Thursday, May 5, 2011

USA v. George A. Whiting Paper Company

May 4: In the U.S. Court of Appeals, Seventh Circuit, Case No. 10-2480. Appeal from the United States District Court for the Eastern District of Wisconsin. In 2009, the United States and the State of Wisconsin (the Governments) filed suit in Federal district court against eleven of the potentially responsible parties (PRPs) in an environmental cleanup, seeking response costs under the Comprehensive Environmental Response, Compensation, and Liability Act, 42 U.S.C. § 9601 et seq. (CERCLA). Shortly thereafter, the Governments filed notice of a de minimis consent decree pursuant to CERCLA § 122(g). Eventually, the Governments moved for settlement. Appleton Papers Inc. and NCR Corporation intervened.
 
    The district court granted the settlement motion over the intervenors' opposition. Later, the Governments moved for a de minimis settlement with a twelfth defendant, and the district court granted this motion. Appleton and NCR appealed the grant of both settlement motions. The Appeals Court affirmed the district court decision.
 
    By way of background, the case involves the Fox River in Wisconsin which is heavily contaminated with Polychlorinated biphenyls (PCBs). Appleton and NCR are responsible for much of the PCBs. They contributed significant amounts of Aroclor 1242, the most prevalent PCB in Fox River. The river also contains other PCBs, including Aroclor 1254 and Aroclor 1260. Appleton, NCR, and a few other PRPs are currently paying to clean up Fox River in compliance with a 2007 U.S. EPA order. Appleton and NCR are seeking contribution, in a separate suit, from many other PRPs.
 
    On one of the major issues in the case, i.e. the "rational basis" of the settlement, the Appeals Court said, "The district court concluded the consent decrees were substantively fair. Appleton and NCR argue that this conclusion has no rational basis in the record. A consent decree is substantively fair if its terms are based on comparative fault. . . The calculation of comparative
fault 'should be upheld unless it is arbitrary, capricious, and devoid of a rational basis.' Cannons Eng'g, 899 F.2d at 87 ('[W]hat constitutes the best measure of comparative fault . . . should be left largely to the EPA's expertise.')."
 
    The Appeals Court said, "Rarely does an appellate court conclude the district court had no factual basis to approve a consent decree.
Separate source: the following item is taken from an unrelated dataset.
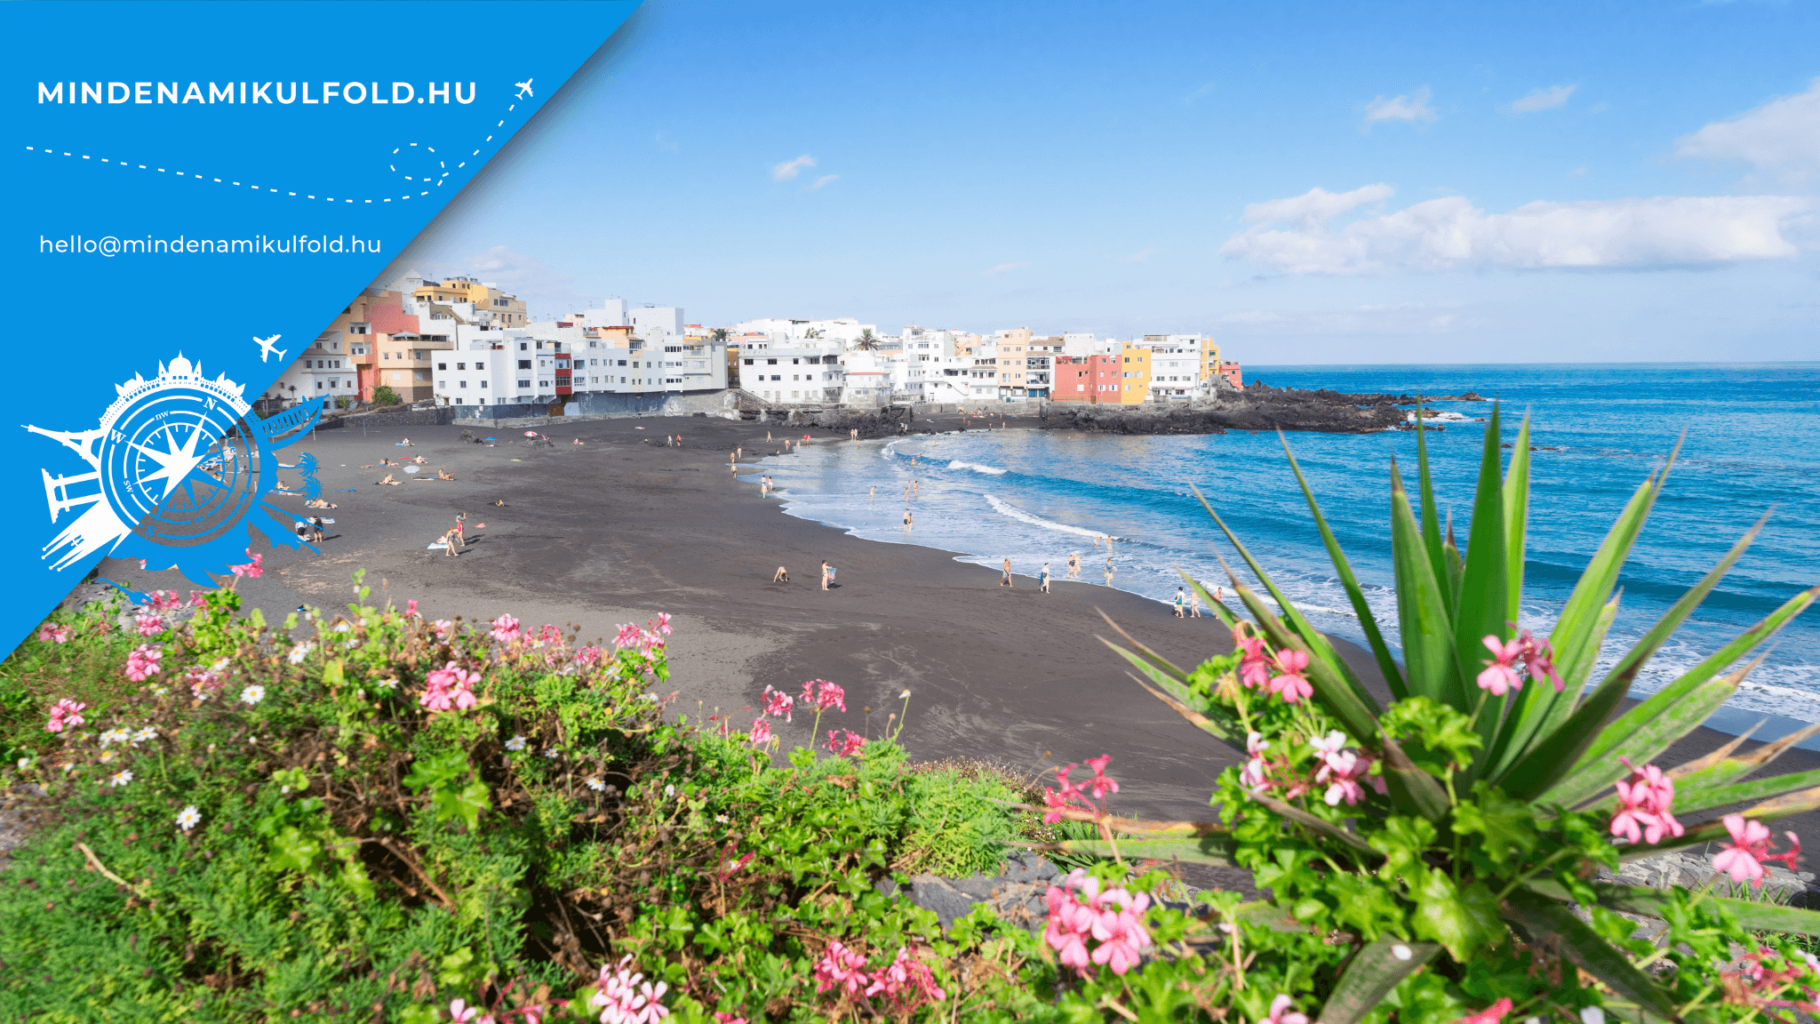 Velünk könnyű lesz megtalálnod a neked való strandot Tenerife szigetén, 8 hihetetlen playa, amit jó ha tudsz már utazás előtt!

Appleton and NCR can point to only one such holding. . . We need not decide whether an unsupported estimate would be a sufficient factual basis to affirm a consent decree -- the Governments' estimate here has adequate support in the record." Other legal issues addressed by the Appeals Court in the opinion included: Consideration of non-1242 Aroclors; Unresolved Issue of Divisibility; Insufficient Discovery; and Improper Consideration of Equitable Factors.